Altars Without Prayer

8/11/2025

I was there for her,
entirely—
every breath, every night,
like a lighthouse that never goes dark.

She only ever came halfway.
Half of her in my arms,
half of her somewhere else—
a shadow I could never touch.

Still, I held on to that half
like it was the whole world.
Because when you love someone,
you convince yourself
that even scraps are sacred.

I stood beside her
when the world emptied its pockets
and left her with nothing.
I carried her burdens
without asking her to carry mine.
I told myself love wasn’t a transaction—
that giving was enough.
That one day, she might see me.

But when my own sky split open,
when the walls shook
and my voice was nothing but breaking glass,
she turned toward that missing half of herself—
the part that was never mine to begin with.

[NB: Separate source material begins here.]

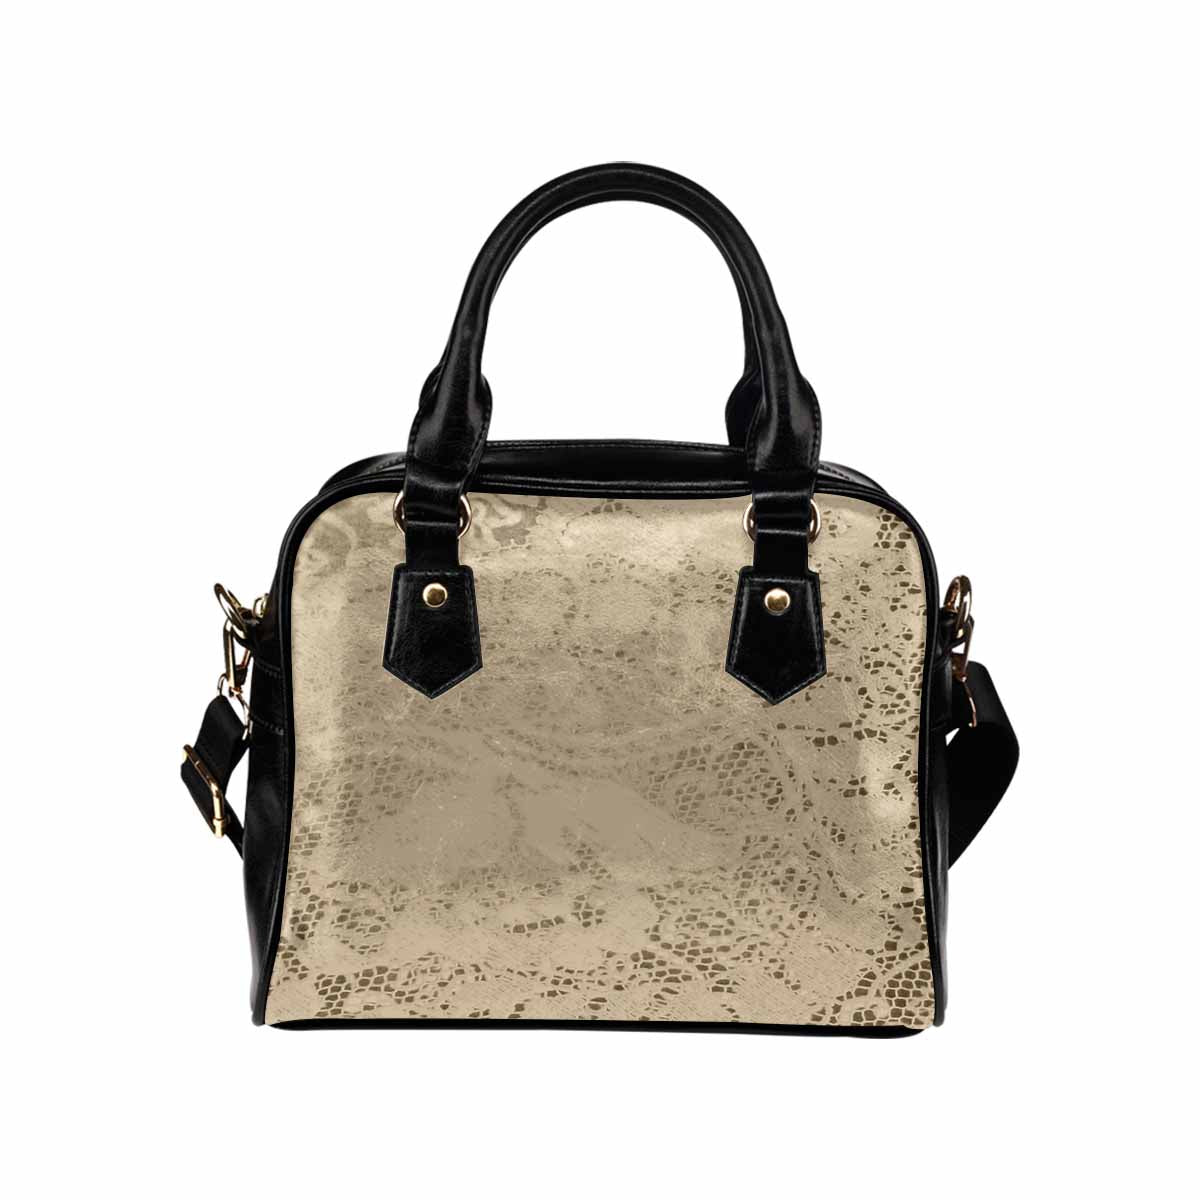 Victorian lace print, cute handbag, Mod 19163453, design 26

I watched her walk away from me,
not out of malice,
but out of absence.
She was never all here.
Not once.

And I realized
I had been loving a version of her
that existed only in my mind.

In truth,
I was alone the whole time.

But still—
when they ask me why,
when they can’t understand
why I stayed through the imbalance,
why I drowned for someone
who never learned to swim for me—

I tell them the truth.

I loved her.
And I never asked
for the same.

Because some loves
aren’t built on fairness.
Some loves
are just altars you keep lighting,
even when no one is coming to pray.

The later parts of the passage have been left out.